Like any other commodity, oil is volatile, so it is no surprise that we are in this situation again. To break down the economics of it all into a simple explanation – the world demand for oil is currently much lower than the world supply of oil, therefore the price has fallen. While consumers are happy and benefiting from the lower price… Unfortunately the oil industry is suffering severely.
So how did we get here?
There are many factors that contributed to this big difference between oil’s supply and demand. One major factor is that new drilling technology resulted in a major increase in U.S. oil production which in turn caused global supplies of oil to increase. And all the while, consumers have been developing conservation habits to save money on energy.

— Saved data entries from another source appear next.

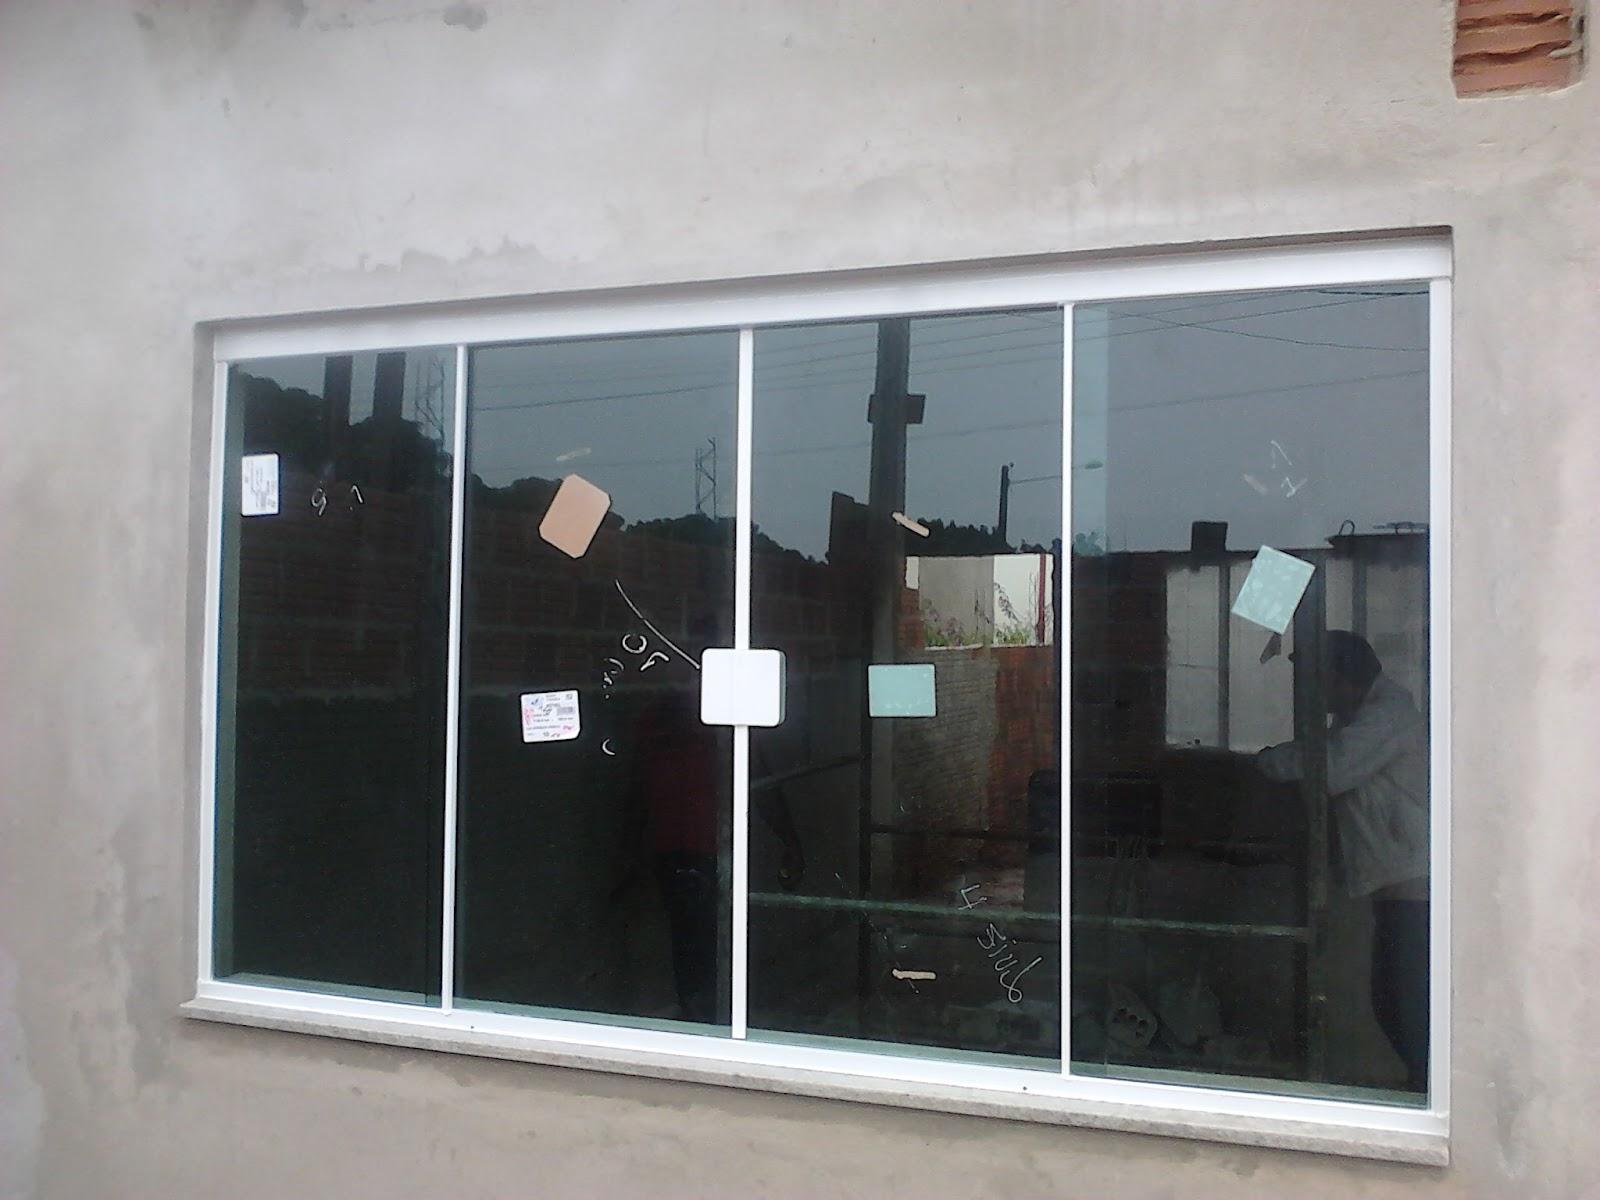 #775F4F FRANCO VIDROS TEMPERADOS: Obra em Ourinhos  848 Manutenção Em Janelas De Aluminio Em Bh
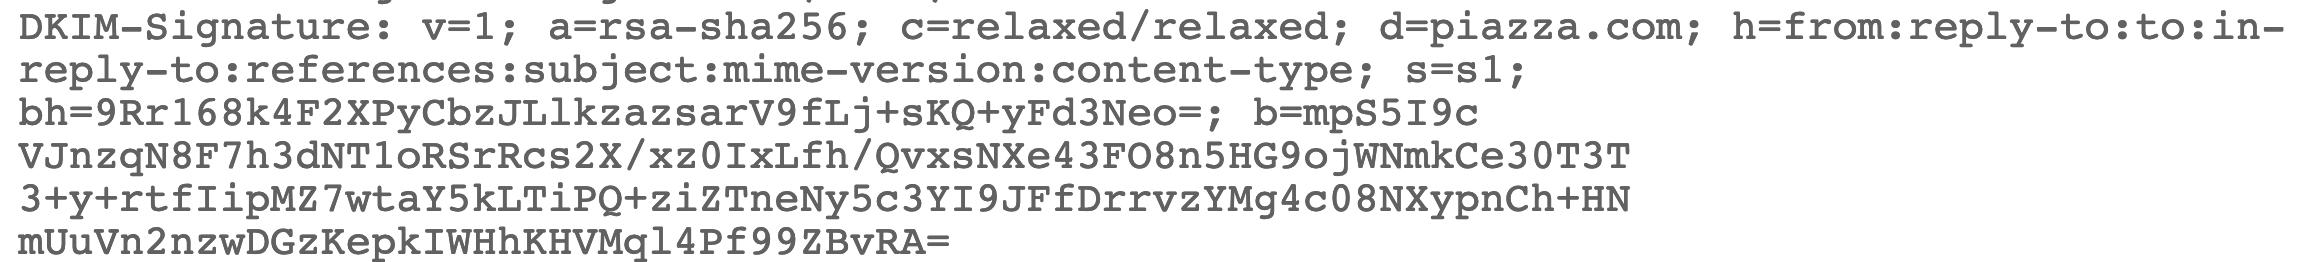 Окей, Гугл, опубликуй свои секретные ключи DKIM - 2
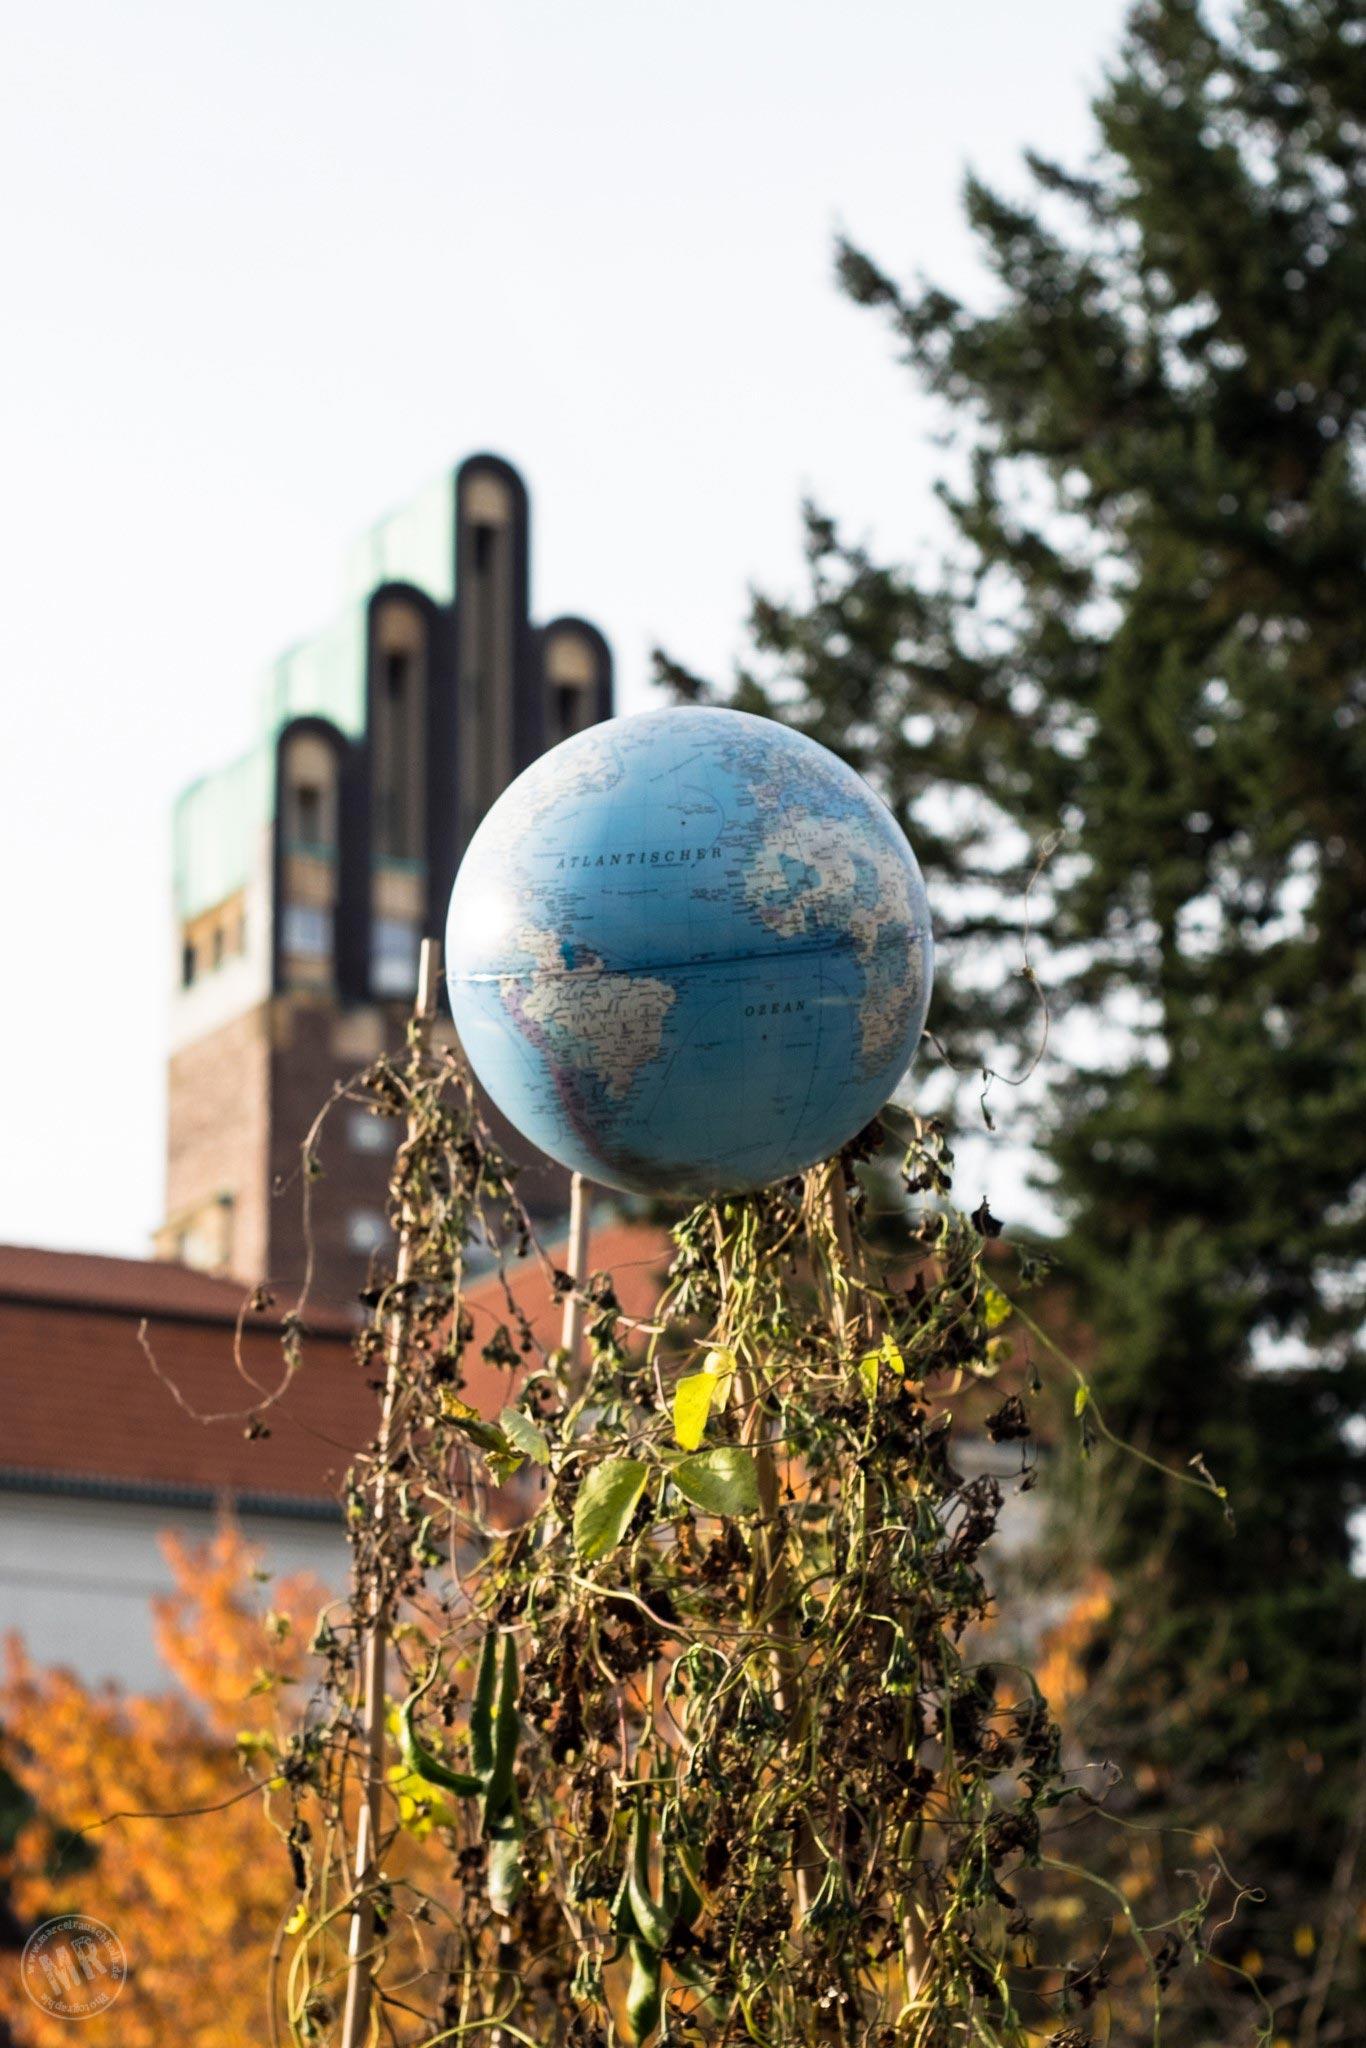 Weltkugel vor Fünf-Finger-Turm auf der Mathildenhöhe

We have seen this happen in many different industries, when innovation and new information dramatically decrease the profitability of an existing industry. In some cases, the industry becomes redundant and is completely wiped out. Will this happen to the oil industry? Highly unlikely, but it looks as though it will be many more years before the price will return to the heights of $100 a barrel. Just to put our current situation in perspective: For the oil price to move above $60 a barrel, the whole world will need to reduce their current production levels by 4%. And this is looking even more unlikely with the sanctions lifted on Iran, and the expectation for them to add another million barrels a day over the next 2 years.
Well how do we fix this?
The solution to this problem involves multiple players. Essentially what needs to happen is the countries that are producing oil need to produce less, at least until the supply falls below the demand again, but this is easier said than done. Exporters of oil in the Middle East and other regions have refused to reduce their own output. And as previously mentioned Iran only has plans to increase production. There is however a possible silver lining. In the same way that the rise to $100 a barrel attracted new investments and increased production, the fall to $30 a barrel may discouraged new investment and cause decreased production due to lack of profitability. If this happens the supply of oil will naturally fall to equal or less than the demand and the price will increase again.
So as for the question of what’s next, a number of different factors will play into the picture. I guess we’ll just have to wait and see how the economics of it all plays out.